Conner, a King’s regent or something of that nature, is an insidious bastard. With a capital B. You will no doubt agree immediately. He harbors lots of secrets and wears his maliciousness on his sleeve. He sees nothing wrong with whipping young boys who disobey his will, his idea of breaking them like a wild horse. He is manipulative and uses the idea that only the chosen one shall live as a way to cause unease and suspicion among the boys. And of course, the suspicion stirs the pot, and each boy eventually reveals his own grand plan to ensure he is chosen as the crowned fraud.
Mott, Conner’s right-hand man, is someone who interested me greatly. He was that unfortunate foot that Sage trips over in the beginning, so the two do not get off on the right, er, foot. Their relationship morphs over the course of the book, however, and it appears that Mott has some admirable qualities about him, after all. I look forward to his role in future books. Imogen, a mute servant in Conner’s establishment, catches Sage’s eye, and their relationship is extremely interesting to watch unfold. It’s almost hard to call it romance, because there was nothing romantic about it, but I assume the buds of a beautiful love flower have been planted, as she slowly comes to respect Sage’s brazen, unapologetic personality. Plus, he respects and sticks up for her on countless occasion. In her eyes, he is causing her more trouble by doing so, but honestly, what woman can resist a man who sticks his neck out for her?

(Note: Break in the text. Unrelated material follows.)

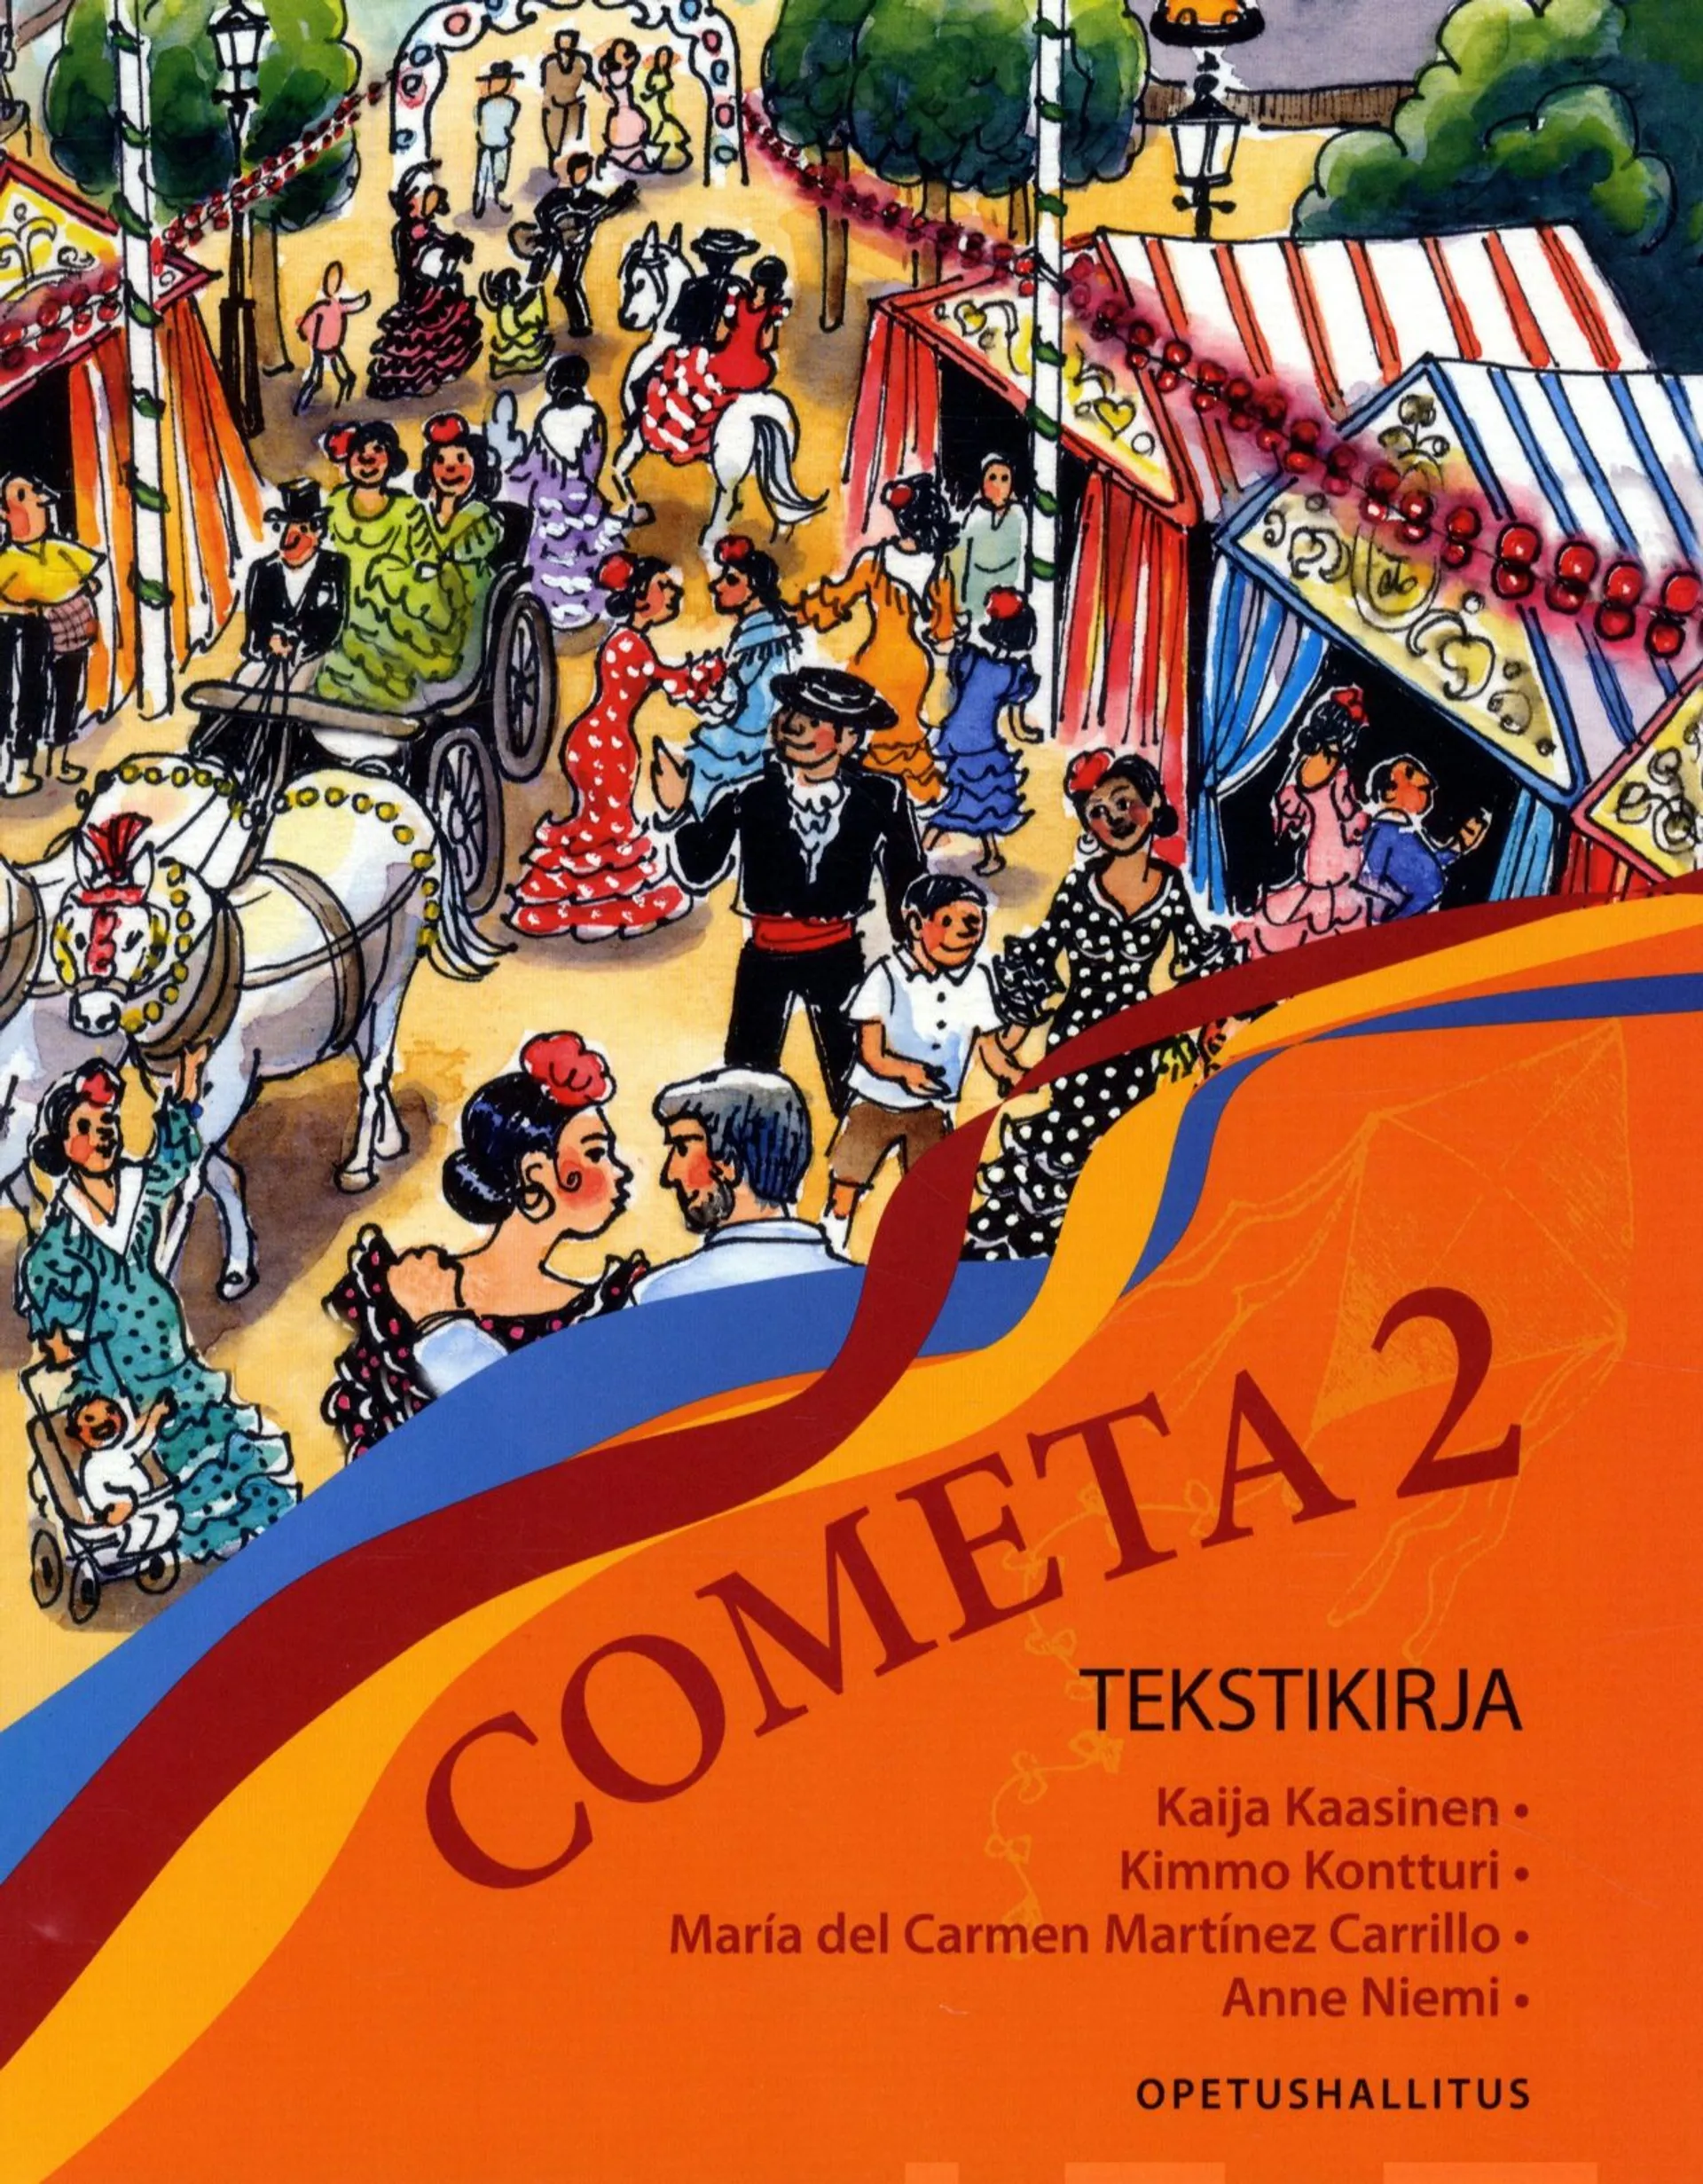 Kaasinen, Cometa 2 Alaluokkien pitkän espanjan tekstikirja

I cannot express how AWESOME the revelations and twists and treachery in this book were. I was so pleased and so entertained by the turn of events about 75% through the story. It was brilliant, and the explanation of it all had me confused and questioning if what I read was real or part of the grand plan. It was fantastic and I loved the mystery and jaw-dropping moment. The book doesn’t end on a cliffhanger, but Sage has big plans, peeps. I cannot wait to accompany him on the treacherous road to glory.
“I’ve got to go.”
“To go. I’d have just taken care of it myself, but it looks like you want to come along.”
Mott cursed. “Wait for morning.”
“Wish I could. I’ve been cursed with my mother’s pea-size bladder.”